September 29, 2017

How NYSUT's Health Care Professionals are speaking out

Author: Liza Frenette
Source:  NYSUT Communications

“We have to know the solution. We can’t wait for the world to figure it out,” Anne Goldman, chair of NYSUT’s Health Care Professionals Council, told a roomful of council members. “The labor movement empowers and gives voice like no other,” she said.

Goldman is a NYSUT Board member and United Federation of Teachers vice president who represents UFT members who are not governed by the Department of Education. She is a leader of school nurses, hospital nurses, visiting nurses, occupational therapists, speech therapists, and respiratory therapists, among other professions. At the council’s first meeting of the 2017-2018 academic year, she asked both veteran and new members about how they are talking with colleagues about the value of unions.

Many workers do not realize that protections they have on the job, including support for best practices, along with salary and benefits, are a result of years of union effort.

“If we do not brand our work, we will not get credit,” she said. “We have to teach what the value is, what the worth is. We’re partners in the labor movement.”

Unions continue to face unprecedented attacks, including the corporate-funded Janus v. AFCSME, a U.S. Supreme Court case that threatens the ability of public sector unions to collect fair share fees for the services they provide.

Nancy Barth-Miller, UFT hospital nurse, said new employees are invited to attend a professional development nursing conference, where the union message is heralded.

“We invigorate people!” she said. “”We share union gains.”

Recently, she prevailed in a yearslong struggle to add a small group of health care professionals to the bargaining unit, overcoming a dark, anti-union campaign by hospital administrators. The facts about successful legislation and safety measures achieved by the union helped to carry the win, she said.

Raquel Webb Geddes, health care UFT chapter leader, covers five boroughs and two regions. At each union meeting she calls on members to highlight different benefits of being in a union.

“We break it down. We highlight certain benefits each month. We let them know the benefits are not a gift from the employer,” she said.

David Curry, a Plattsburgh-area member of United University Professions higher education council representing State University of New York faculty and staff, is working with the state AFL-CIO labor council in his region to deliver the union message.

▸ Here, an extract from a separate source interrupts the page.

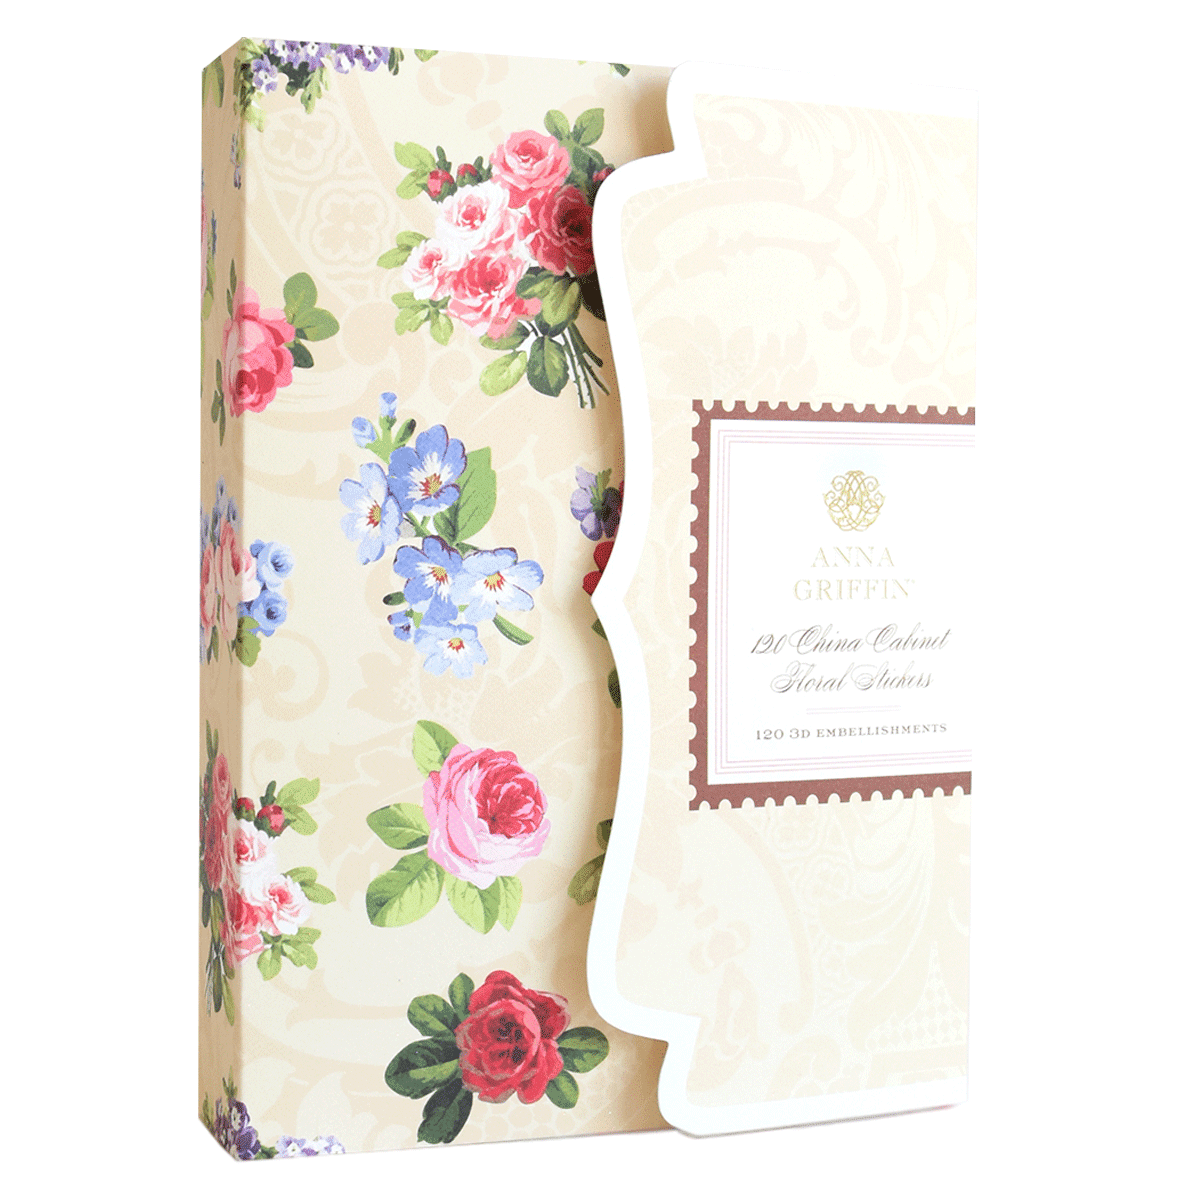 a book with a floral design on it.

“We’re using the Constitutional Convention to energize our base,” Curry reported. “This enables us to broaden the house and work with other unions on common ground.”

People need to know that — among many other threats — such a convention could allow New York to become a "right to work" state where unions are now allowed.

Howard Sandau, a UFT emergency room nurse, said employers at New York University started having focus groups with just four employees at a time, as part of a “vicious anti-union crusade.”

Meeting with employees one-on-one, and speaking with them on the phone, helped to turn the tide toward unionism, he said.

“We’ve organized speech therapists, occupational therapists, physical therapists, and aides,” Sandau said.

Goldman noted that in all the reports from council members, no group relied on technology and telecommunications to get the message out. Personal contact, she said, achieves the best results.